C++ preprocessor __VA_ARGS__ number of arguments

#include <stdio.h>
#include <string.h>
#include <stdarg.h>

#define NUMARGS(...)  (sizeof((int[]){__VA_ARGS__})/sizeof(int))
#define SUM(...)      (sum(NUMARGS(__VA_ARGS__), __VA_ARGS__))
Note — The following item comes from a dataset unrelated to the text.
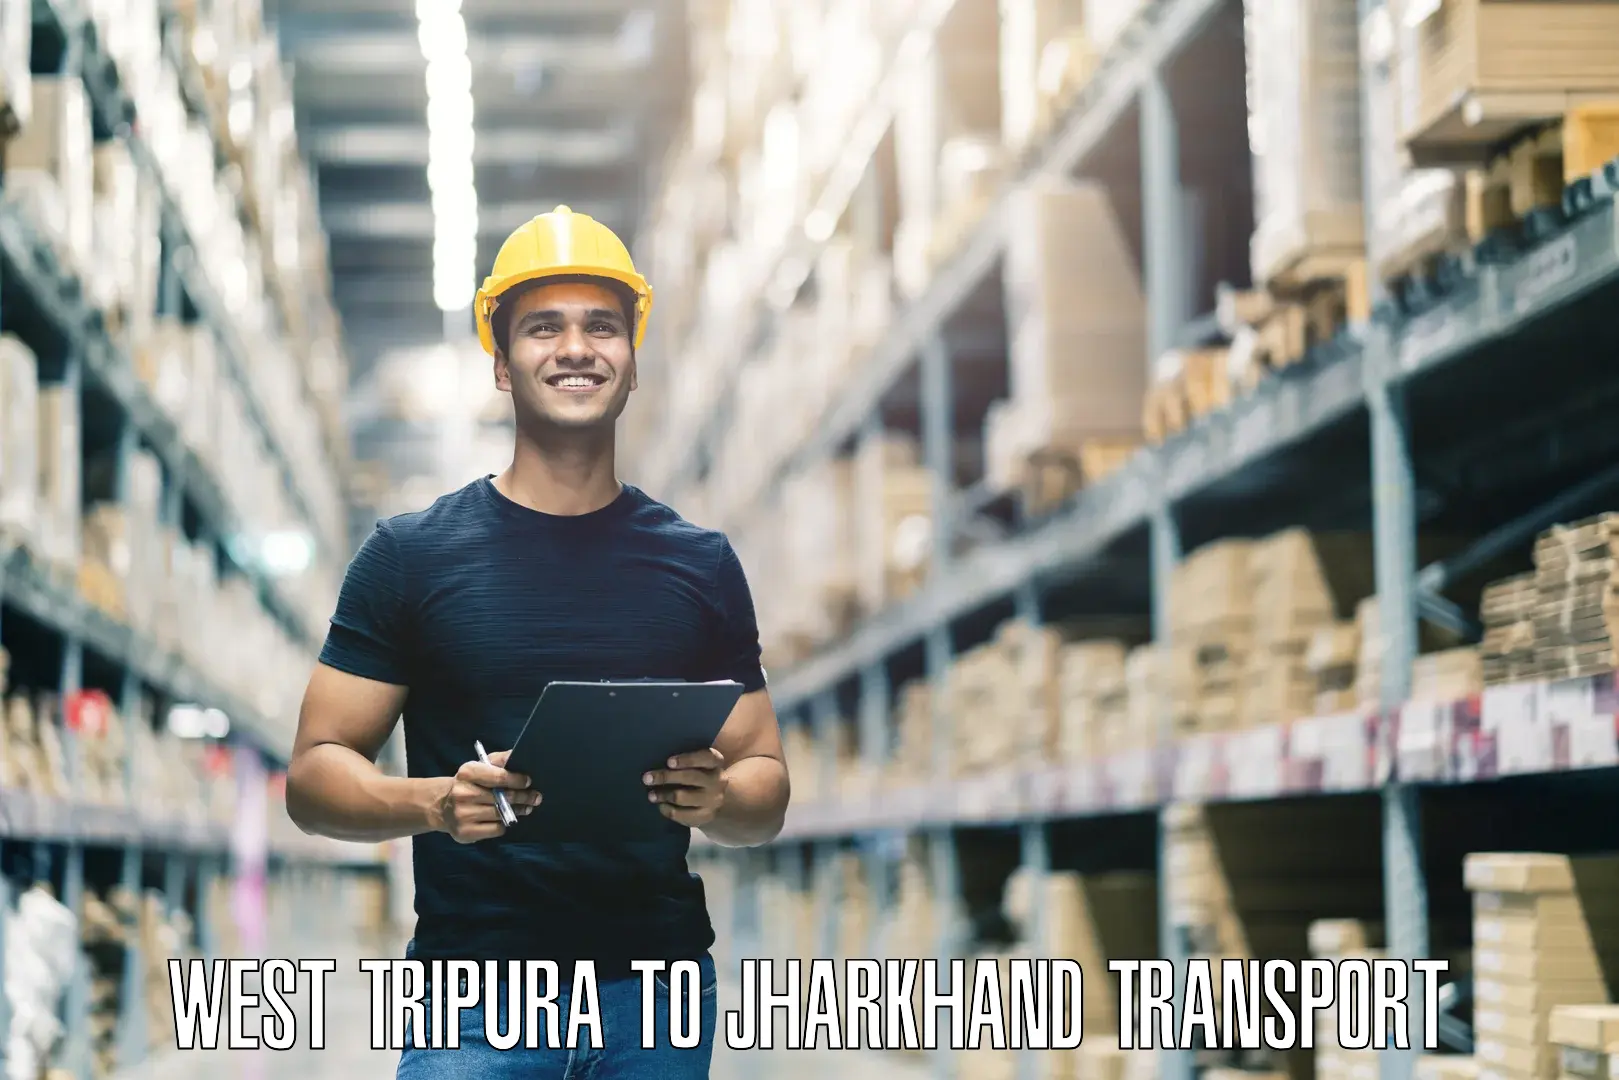 Cargo transport services West Tripura to Garhwa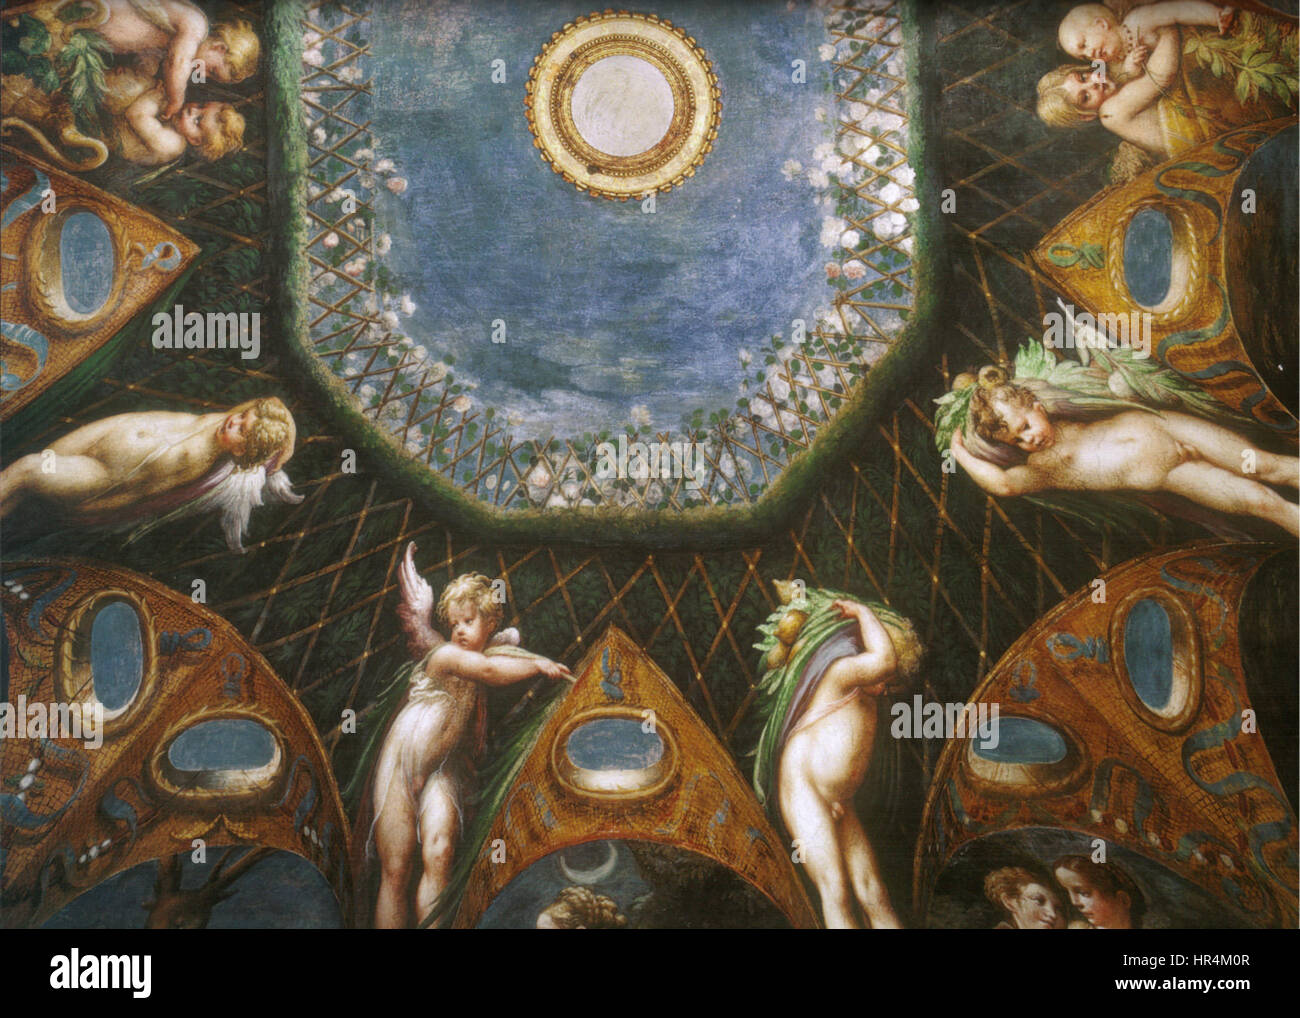 Parmigianino, affreschi di fontanellato 00 Stock Photo

void sum( int numargs, ... );

int main( int argc, char *argv[ ] )
{

  SUM( 1 );
  SUM( 1, 2 );
  SUM( 1, 2, 3 );
  SUM( 1, 2, 3, 4 );

  return 1;
}

void sum( int numargs, ... )
{
  int total = 0;
  va_list ap;

  printf( "sum() called with %d params:", numargs );
  va_start( ap, numargs );
  while ( numargs-- )
  {
    total += va_arg(ap, int);
  }
  va_end( ap );

  printf( " %d\n", total );

  return;
}

It is completely valid C99 code. It has one drawback, though - you cannot invoke the macro SUM() without params,
but GCC has a solution to it - http://gcc.gnu.org/onlinedocs/cpp/Variadic-Macros.html

So in case of GCC you need to define macros like this and it will work even with empty parameter list

#define       NUMARGS(...)  (sizeof((int[]){0, ##__VA_ARGS__})/sizeof(int)-1)
#define       SUM(...)      sum(NUMARGS(__VA_ARGS__), ##__VA_ARGS__)

use this GNU extension, Just remember - it only works with GNU compiler.

#define macro(format, arguments...) fprintf(stderr, format, ##arguments)

The ## token in combination with __VA_ARGS__ is a gcc extension that's not part of ISO C99.